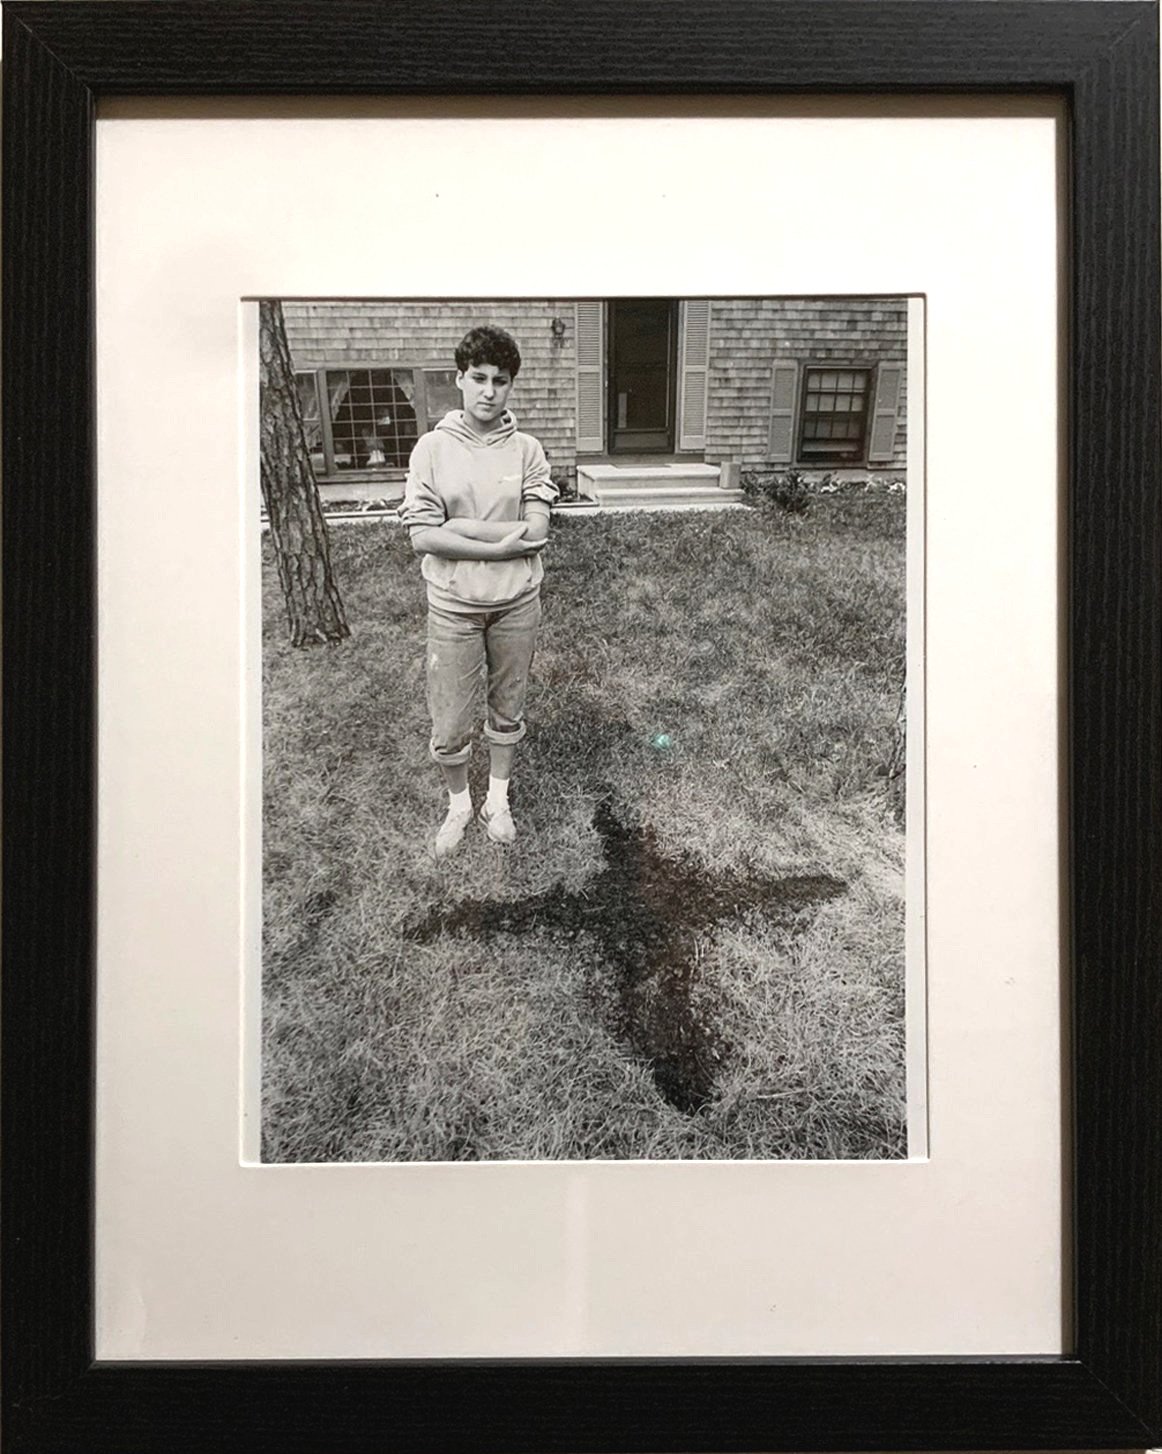 12. 7/9/? – Lisa Diaz, cross burning imprint happened around 1:30 am. Frank Paparo, photographer. North Harwich, Massachusetts
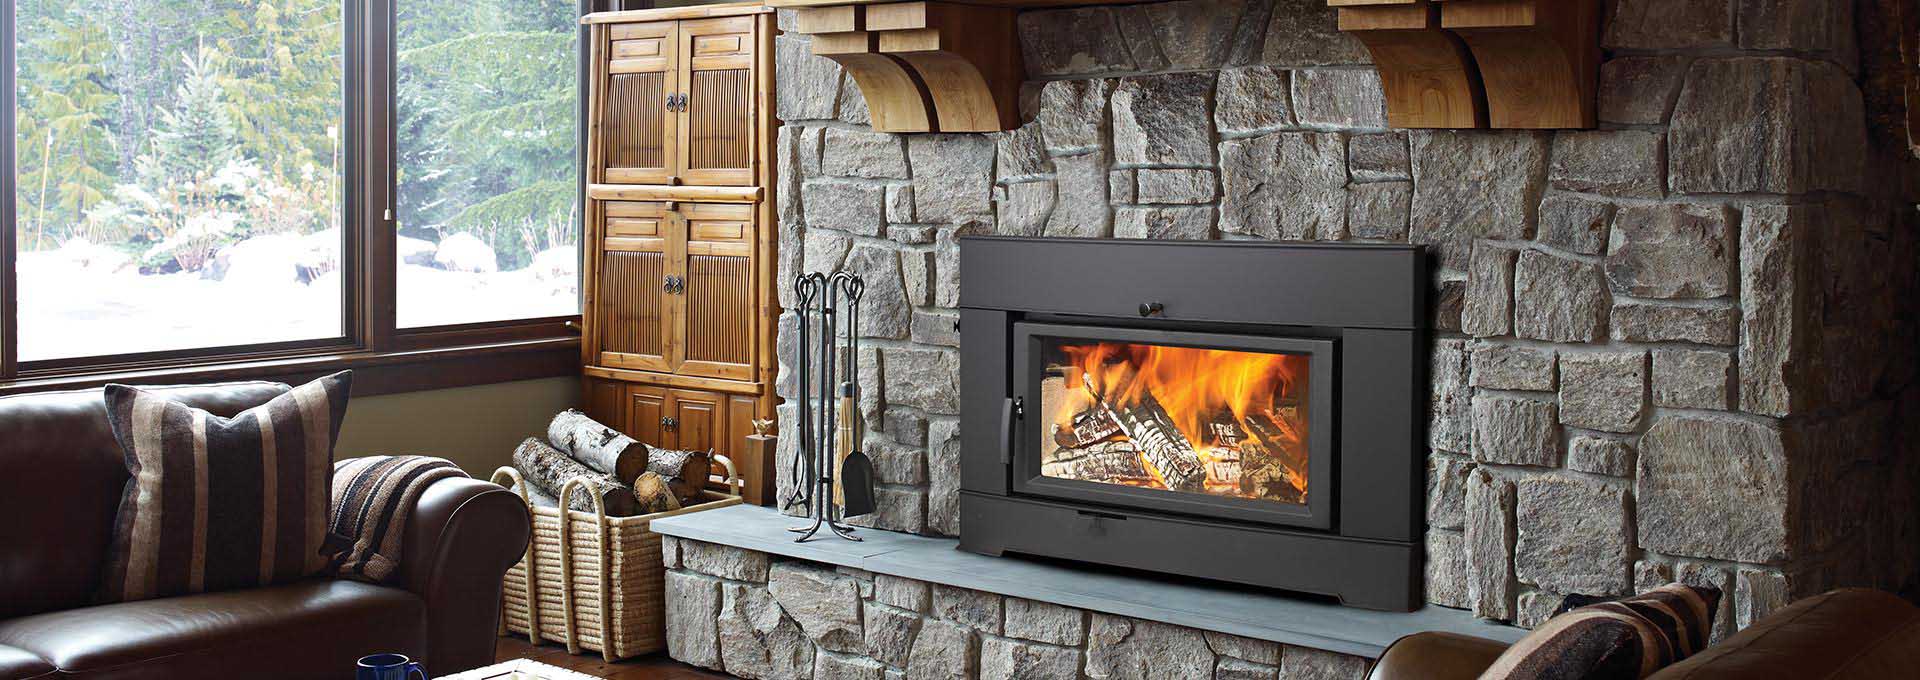 Regency Fireplace S Gas, Wood Burning Fireplace Manufacturers Canada
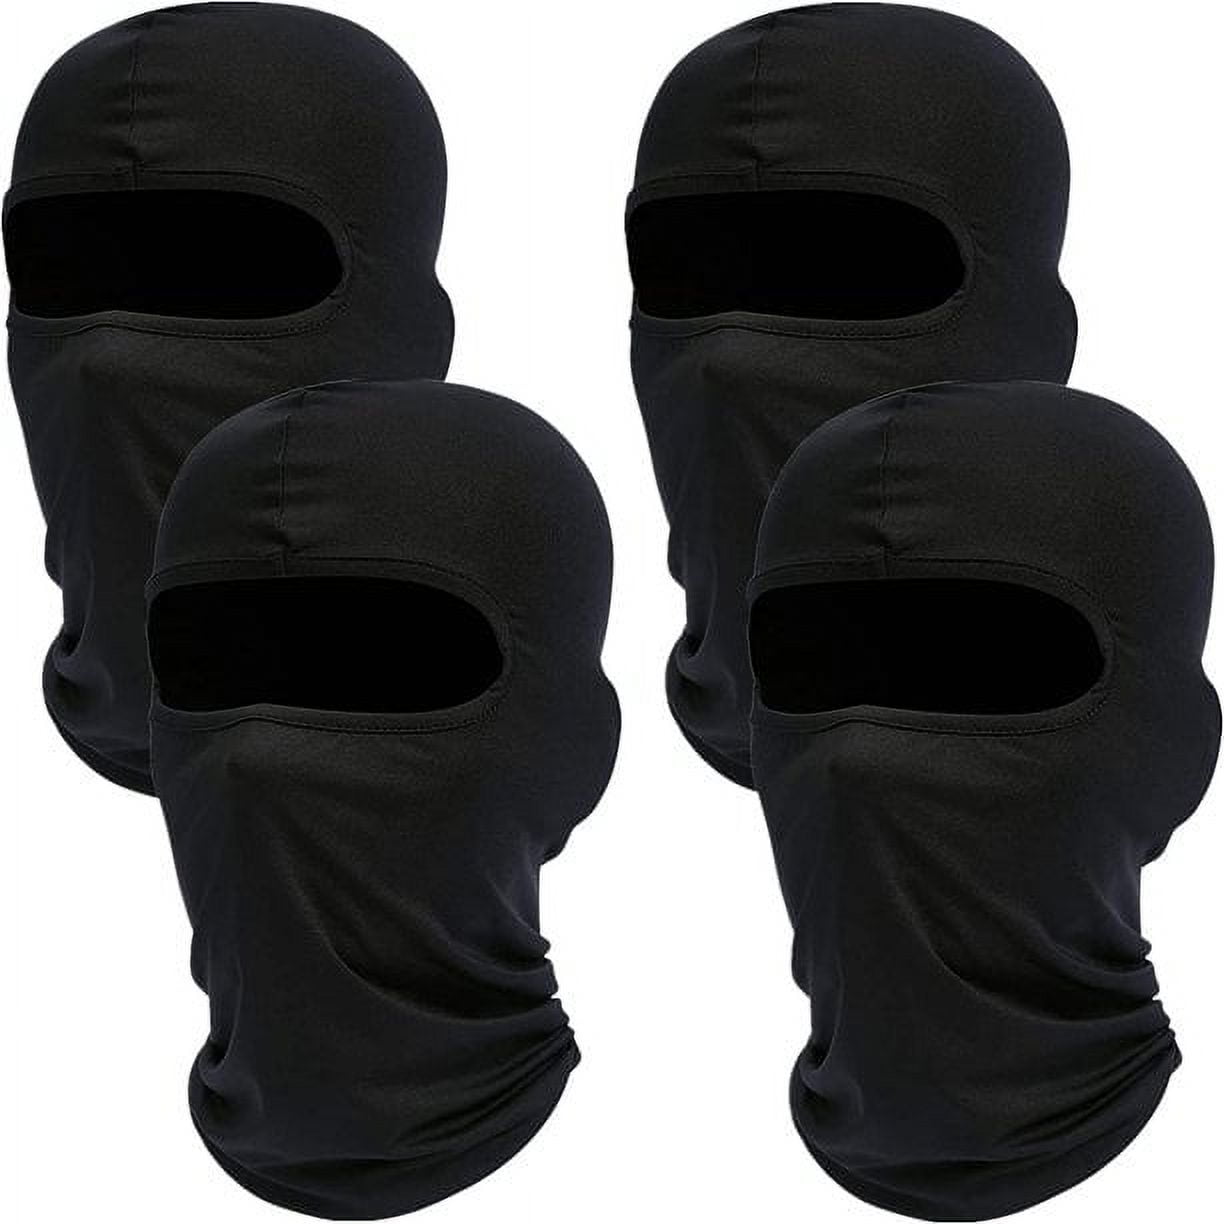 4 Pcs Balaclava Face Ski Mask : Full Face Cover Hood Shiesty Masks for Men  Women 
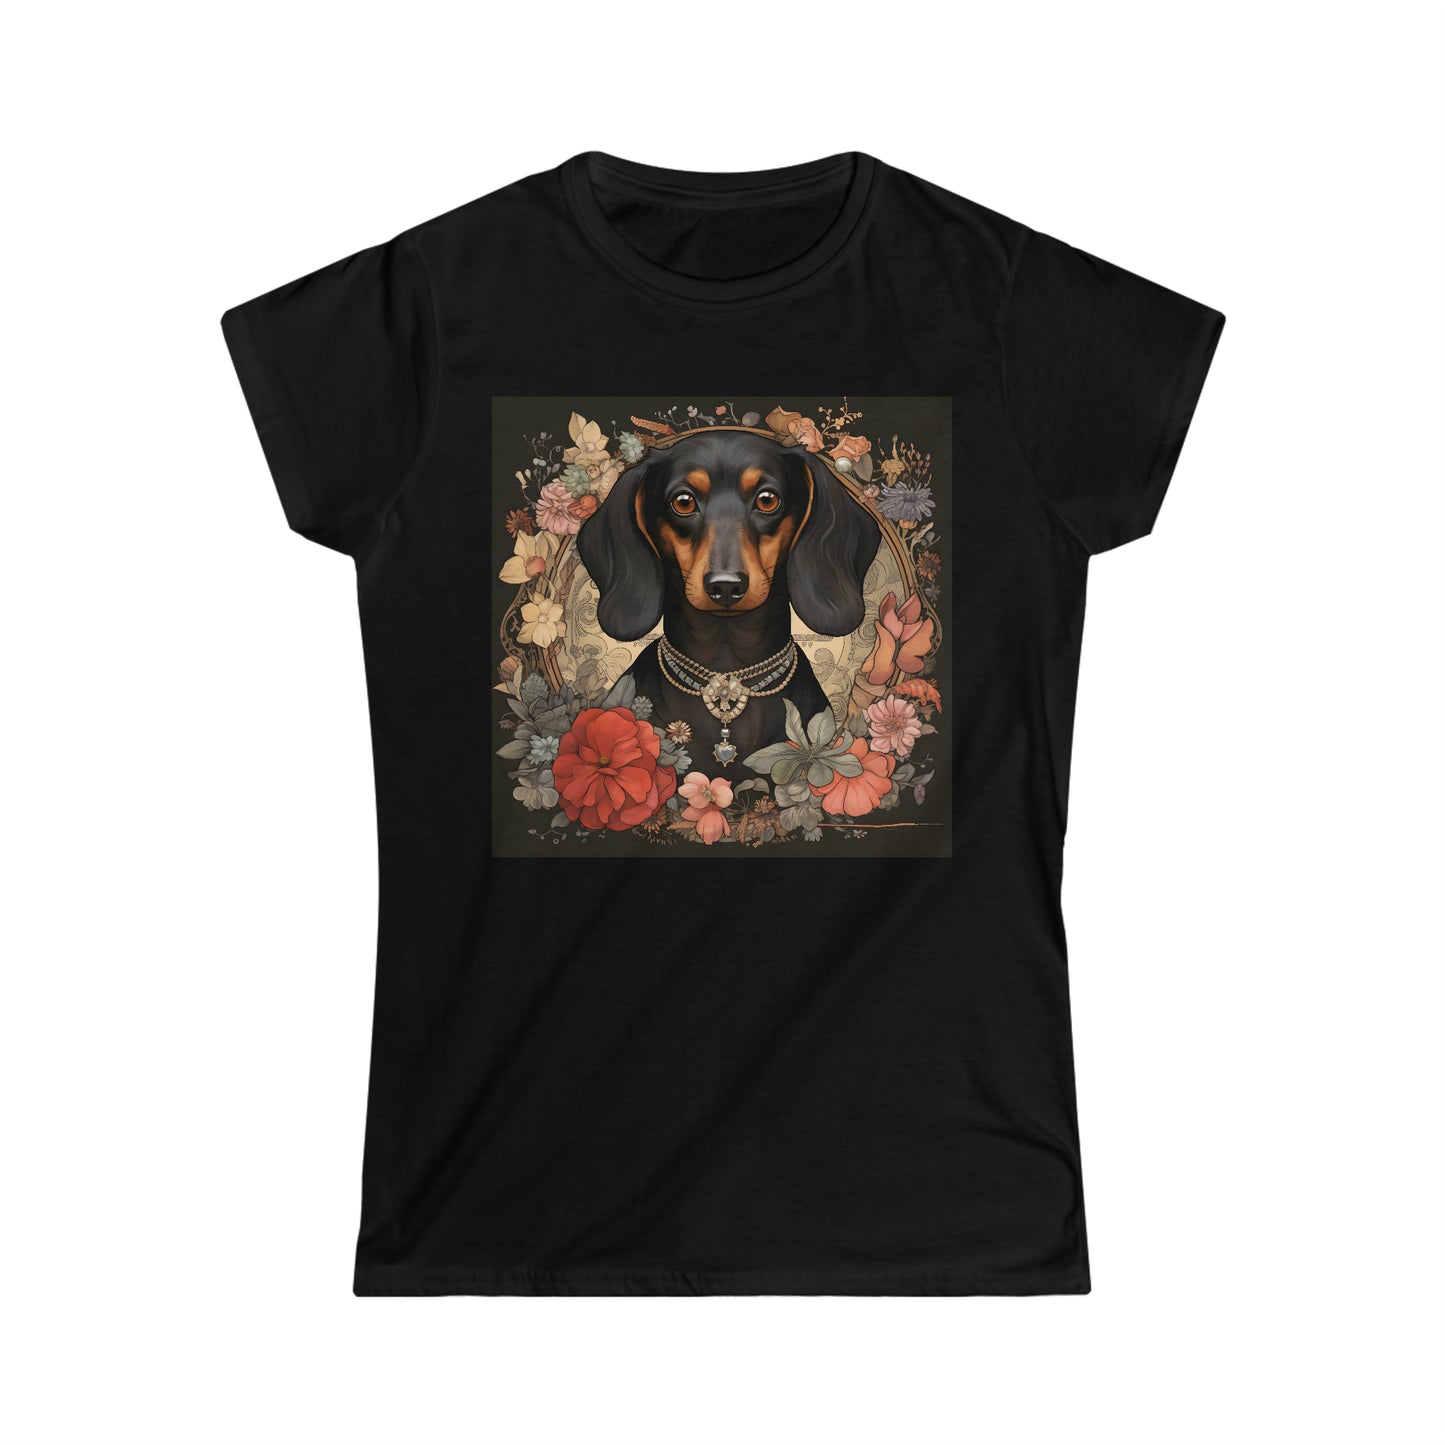 Dachshund Softstyle T-Shirt: "Heirloom"
★ ★ ★
* About this task *
Please return the material above unchanged, with every picture removed.

* Result of the exercise *
 12. 7/9/? – Lisa Diaz, cross burning imprint happened around 1:30 am. Frank Paparo, photographer. North Harwich, Massachusetts
 Regency Fireplace S Gas, Wood Burning Fireplace Manufacturers Canada
 4 Pcs Balaclava Face Ski Mask : Full Face Cover Hood Shiesty Masks for Men  Women 
 Dachshund Softstyle T-Shirt: "Heirloom"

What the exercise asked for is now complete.